Many newcomers fear winter after hearing stories and comments about the cold.
“All they hear about is, ‘oh my god, you’re coming in the wintertime? Winter is very scary,” said Henderson Brown.
Anxiety over the unknown in a new province isn’t surprising, especially since acclimatizing to Winnipeg’s transit options and climate isn’t always smooth.
“I recently met a girl, a Colombian, who actually decided to go back to Colombia because she couldn’t handle Canada. And the first thing she told me is, ‘I was alone at the airport, and I couldn’t find a way just to go [to my new] home,’” said Montaña.
Montaña explained that she and other Colombian women feel uncomfortable taking taxis alone.
“I always think [taxi drivers are] going to do something wrong. It is scary, right?” said Montaña.

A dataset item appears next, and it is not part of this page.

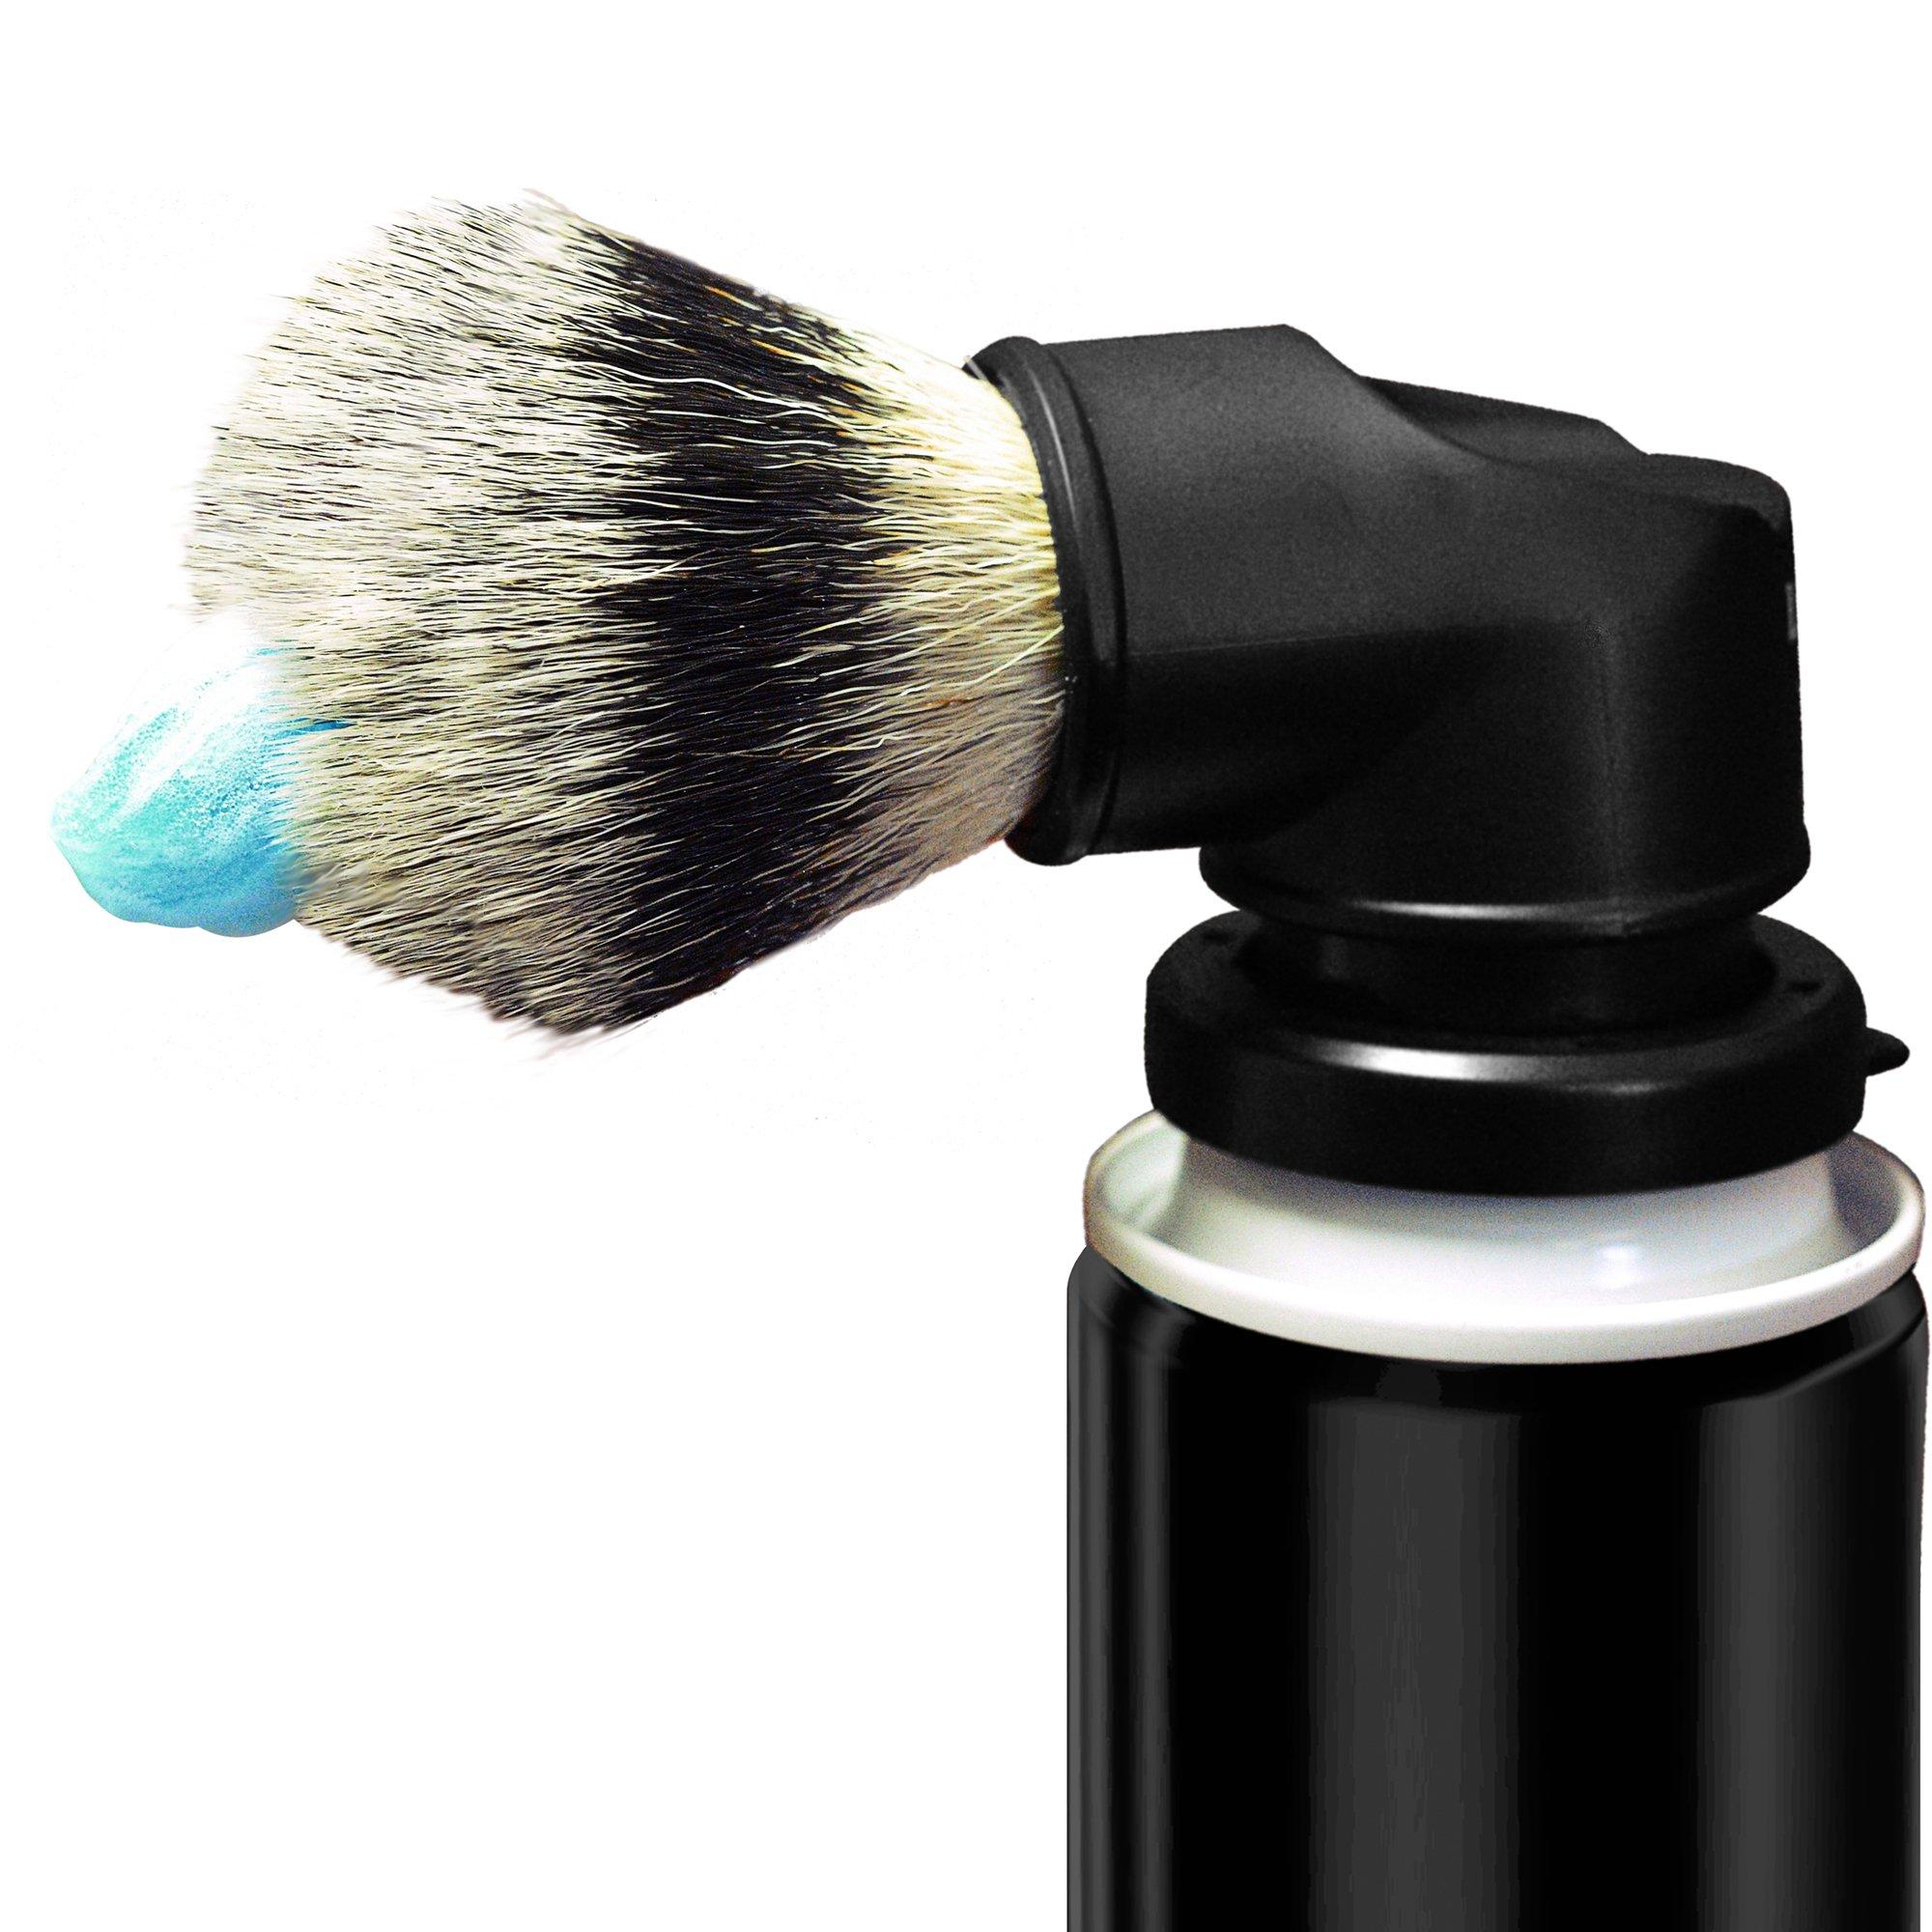 Legacy Shave - Evolution Brush - Universal Shaving Brush Engineered to Attach Directly to Shaving Cream or Shaving Gel Cans - Best Razor Wet Shave Brush for Men & Women - Black
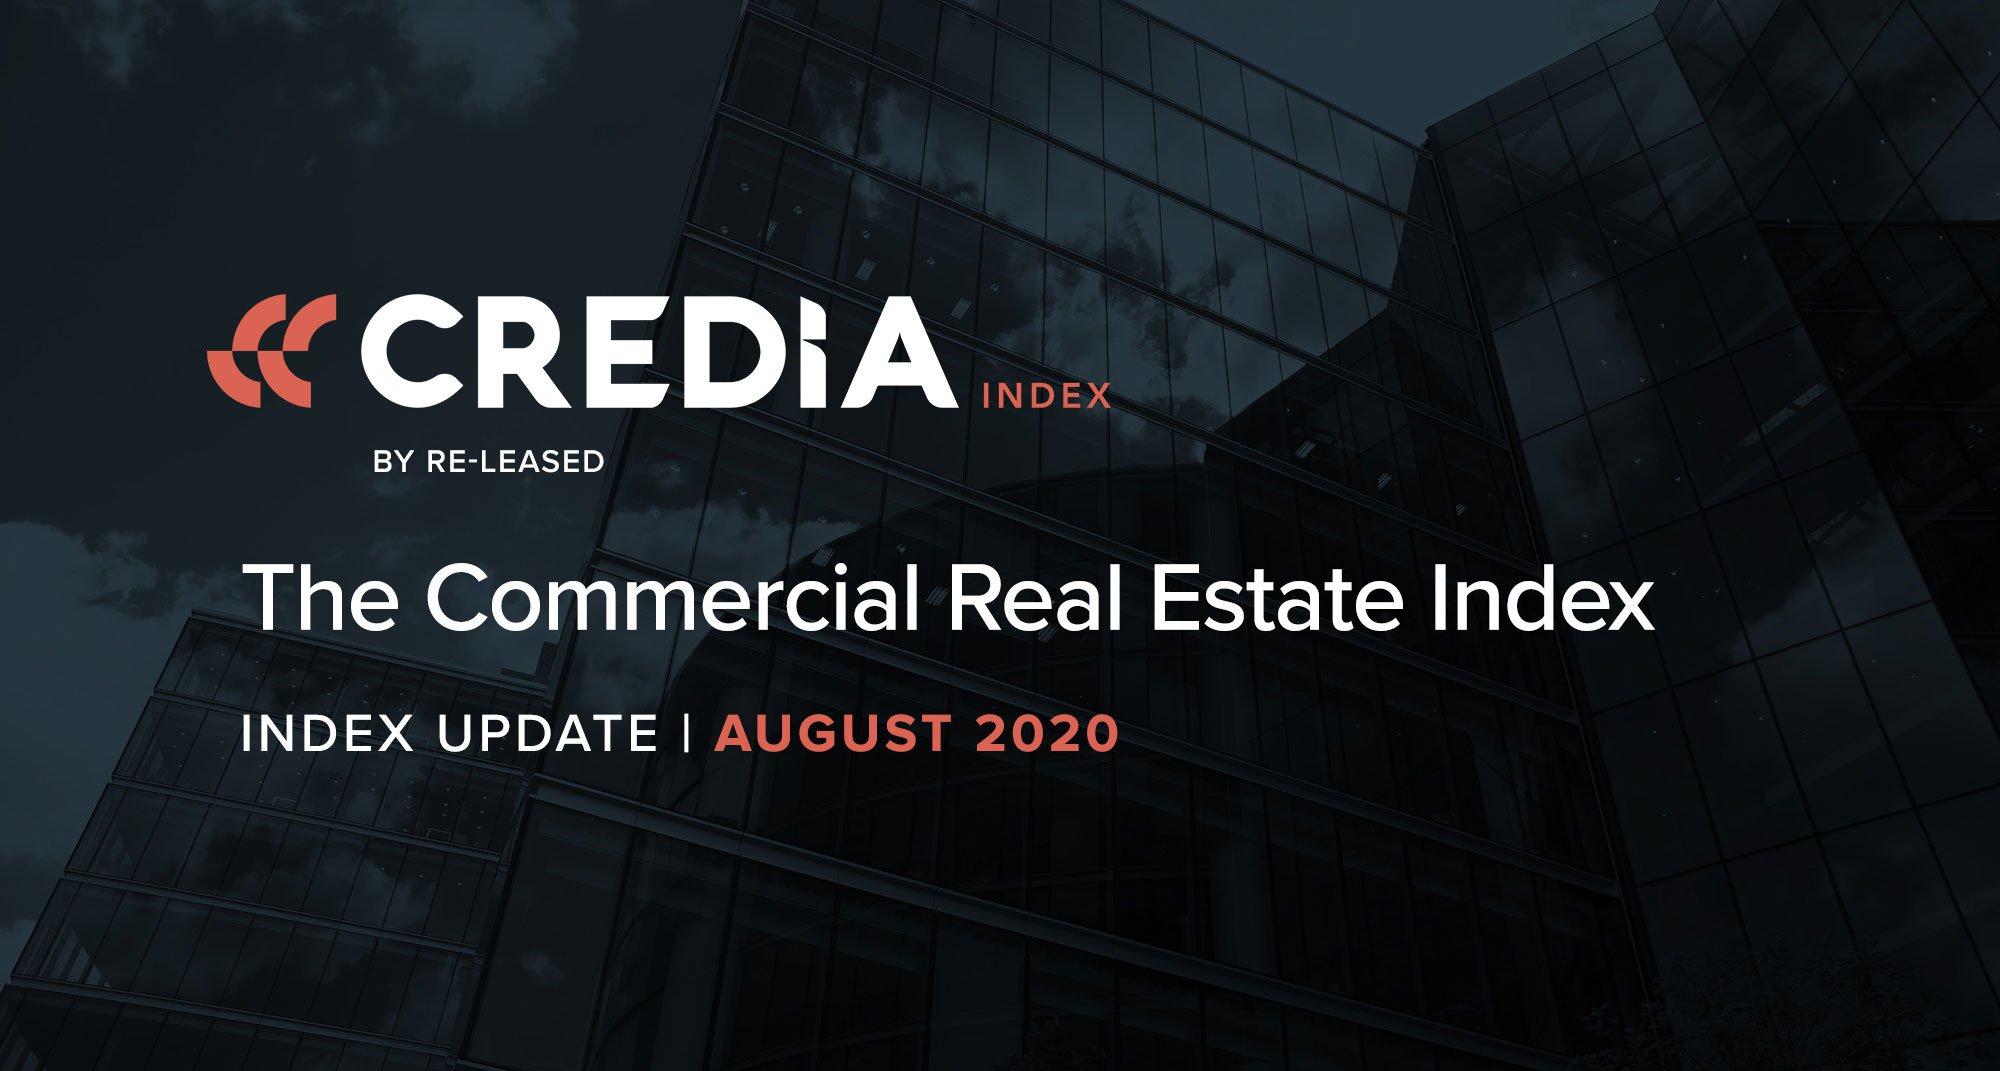 credia-Aug-index-update

Growing closer to the end of another long winter in “Winterpeg,” Montalvo looks forward to getting a valid Manitoba driver’s license after graduating later this year. He hopes that driving will relieve the stress of daily bus rides.
Izuz remains grateful for her vehicle and ability to drive. As a life skills support worker, she drives daily to visit newcomers and give them advice and tools to help them settle.
Carolina Montaña plans to try for her own license soon after the help of a fellow newcomer allowed her husband to pass his road test on the first try. She also plans on driving to her workplace to avoid the transit system — especially bus trips to and from downtown.
As a province growing increasingly dependent on new Canadians contributing to its workforce, Manitoba is not doing enough to support newcomers’ transportation needs.
The province needs to address the barriers to newcomers obtaining a valid Manitoba driver’s licence. Manitoba’s online resources for newcomers are text-heavy and impractical for anyone still learning English. Montaña says the province needs to invest in developing content that includes videos, podcasts, and infographics.
Winnipeg’s transit system needs improved safety measures and increased bus routes to help newcomers — and all Winnipeggers — get where they need to be with less hassle. Montalvo says this includes addressing the homeless crisis and getting people out of bus shelters and into safe housing.
Not-for-profit settlement organizations are overwhelmed and overworked, trying to help as many people as possible with their limited funding. Izuz wants to see not-for-profit funding allocated to transportation so they can bring back programs to help newcomers learn to drive.
After nearly a year since the government announced its $5.1 million investment, there are no new or improved resources to alleviate the winter transportation issues affecting newcomers’ ability to participate in the workforce and integrate into Manitoba living.
Sustaining the province’s friendly reputation requires more than smiles between strangers and boosting each other’s frozen car batteries. It’s time to address how friendly Manitoba is and who it is friendly towards.